Demo 1: generated image critique

The system checks whether both wrists are near the book box. In the fixture data, the wrists are too far away, so the verifier returns:

Decision:
  FAIL confidence=0.75

Repair:
  Move both hands so they visibly touch or hold the book.

Demo 2: video object transfer

The system checks whether the cup moves from one person’s hand region to another person’s hand region across frames. In the fixture data, the transfer relation is detected:

Decision:
  PASS confidence=0.78

Demo 3: chip placement

The system checks whether the chip box is inside the socket region. In the fixture data, the chip is offset from the socket, so the verifier returns:

Decision:
  FAIL confidence=0.8

Repair:
  Reposition the chip so its bounding box sits inside the socket region and its pins align with the board contacts.

Demo 4: evaluation table

Running:

python reference_reasoning_demo.py --eval-table

will produce

Case Task Input type Candidate primitives Active primitives Expected relation Observed relation Decision Repair generated What this demonstrates
1 Is the person holding the book? Image fixture 5 4 near/touching(wrists, book) none FAIL Move both hands so they visibly touch or hold the book. Image critique can become grounded repair.
2 Does person_1 hand the cup to person_2? Video fixture 6 6 transferred_to(cup, person_2) transferred_to(cup_f40, person_2_left_wrist_f40) PASS None Temporal primitives can support event verification.
3 Verify that chip_1 has been placed correctly on the circuit board socket. Placement fixture 3 3 inside(chip, socket_region) none FAIL Reposition the chip so its bounding box sits inside the socket region and its pins align with the board contacts. Primitive reasoning works for non-human placement tasks.

What this demonstrates

This small demo is not trying to solve all visual reasoning.

It demonstrates the architecture:

candidate primitives
context filter
active primitive set
relation builder
verifier
repair instruction

The same pattern supports:

  • image prompt verification,
  • human/object interaction detection,
  • chip or part placement verification,
  • generated video event checking,
  • movie scene repair.

The important point is that the system does not reason over the full scene. It reasons over the active primitive set selected for the current task.

That is the practical version of the post’s central claim:

Reasoning is context-filtered primitive selection followed by relation verification.


Glossary

Term Meaning in this post
Primitive A small, task-relevant unit of representation, such as an object, point, region, span, symbol, trajectory, or relation.
Visual Primitive A primitive grounded in visual space, usually a box, point, polyline, mask, or trajectory.
Reference Primitive A machine-verifiable pointer used inside a reasoning trace. Examples include image boxes, body keypoints, document spans, code symbols, UI component regions, and video trajectories.
Candidate Primitive Any primitive extracted from the input before relevance filtering. A detector may produce many candidate primitives, most of which may not matter for the task.
Active Primitive Set The context-filtered subset of primitives selected as relevant to the current task.
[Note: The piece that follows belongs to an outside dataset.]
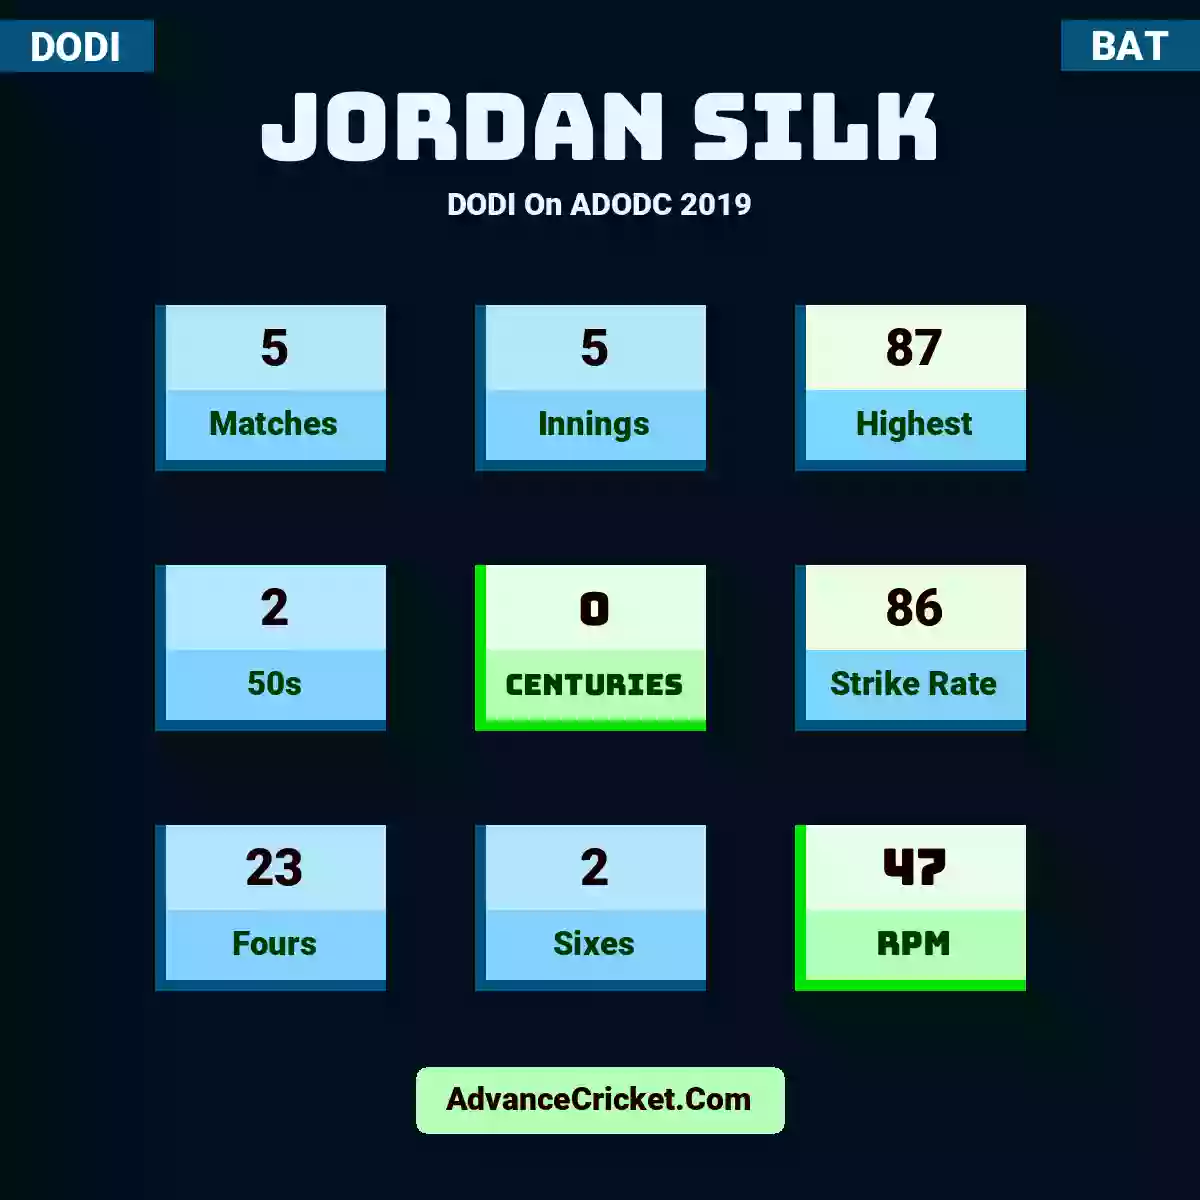 Jordan Silk DODI  On ADODC 2019, Jordan Silk played 5 matches, scored 87 runs as highest, 2 half-centuries, and 0 centuries, with a strike rate of 86. J.Silk hit 23 fours and 2 sixes, with an RPM of 47.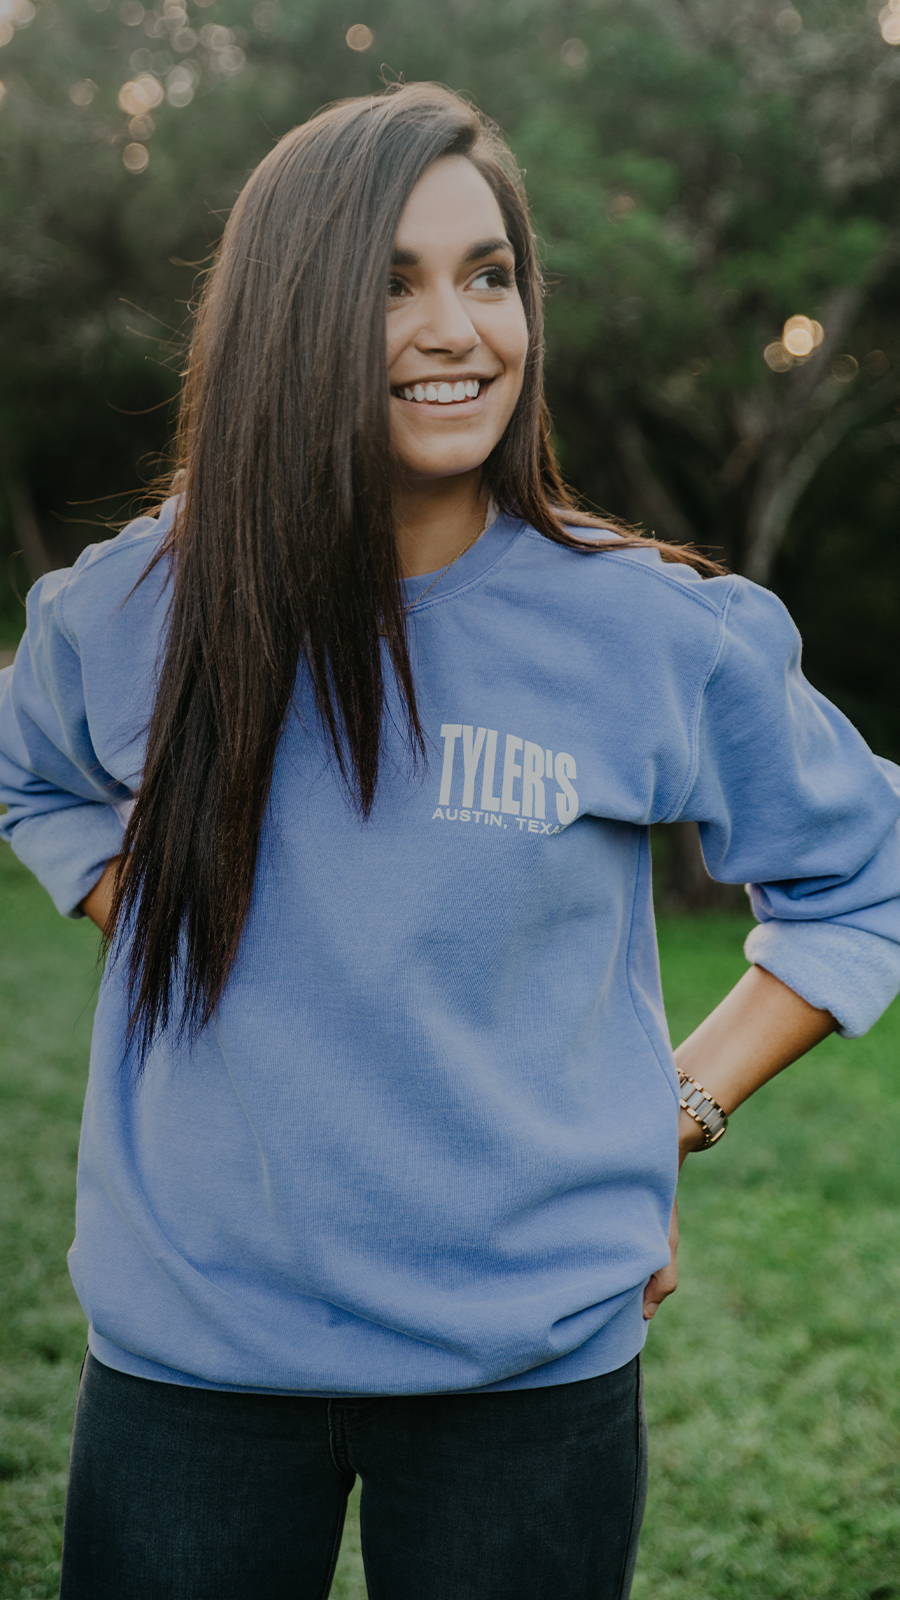 Young Woman wearing a TYLER'S sweatshirt in the park

This is the main object the reasoning layer operates over.
Context Filter The layer that selects which candidate primitives matter for the current question, prompt, scene action, or verification task.
Primitive Relation A checkable relationship between primitives, such as near, touching, inside, aligned_with, holding, moving_toward, or transferred_to.
Relation Verification The process of checking whether the expected relation between selected primitives actually exists.
Perception Gap The problem of whether a model can see enough detail in an image, video, or multimodal input.
Reference Gap The problem identified by Thinking with Visual Primitives: language is often too vague to precisely anchor reasoning to the correct visual entity.
Relevance Gap The extension proposed in this post: even if a system can point to many entities, it still needs to select which references matter for the current task.
Point While Reasoning The idea that a model should include explicit references, such as boxes and points, inside its reasoning process instead of relying only on vague language.
Task-Conditioned Compression The idea that intelligence activates only the primitives relevant to the current context, rather than reconstructing or processing everything.
Context-Filtered Primitive Selection The central claim of the post: reliable reasoning depends on selecting the right primitives for the task before reasoning over relations.
Primitive Reasoning Layer The system layer that receives primitives, filters them by context, builds relations, verifies requirements, and produces decisions or repairs.
Grounded Critique A critique that points to specific primitives and failed relations, rather than offering a vague judgment.
Verifier A deterministic or model-assisted component that checks whether required primitive relations are satisfied.
Repair Instruction A targeted instruction generated from a failed verification, such as “move the left hand onto the book” or “regenerate frames 32–52 with a visible envelope transfer.”
YOLO An object-detection model family used in the post as a practical way to extract candidate visual primitives such as object boxes.
Pose Model A model that detects body keypoints such as wrists, elbows, shoulders, nose, or head position.
Tracker A system such as ByteTrack or BoT-SORT that preserves object identity across video frames.
Open-Vocabulary Detector A detector that can identify objects based on text prompts or broader vocabularies, useful for domain-specific primitives.
Segmentation Model A model that extracts precise object or region masks rather than simple boxes.
Temporal Primitive A primitive that exists across time, such as an object track, hand trajectory, or region movement across frames.
Event Primitive A higher-level primitive inferred from temporal relations, such as handoff(envelope, Alice, Maria) or place(chip, socket_region).
Generated Image Critique The application of primitive reasoning to verify whether an AI-generated image satisfies a prompt.
Entity Interaction Detection The application of primitive reasoning to determine whether entities are in the required relationship, such as handoff, placement, insertion, support, or connection.
Movie Generation Verification The application of primitive reasoning to check whether generated video frames actually fulfill required scene actions over time.
Bounded Hallucination The idea that primitive reasoning can reduce unsupported claims by constraining reasoning to declared primitives, while still allowing for detector errors or relation mistakes.
Inspectability The property that a reasoning trace can be examined because it points to explicit primitives, relations, thresholds, and confidence values.
Active Reference A reference primitive selected by the context filter as relevant to the current reasoning task.
Candidate Reference Overload The failure mode where a system extracts many correct primitives but becomes confused because it reasons over too many irrelevant references.
Extract → Filter → Relate → Verify → Repair The core pipeline proposed in the post.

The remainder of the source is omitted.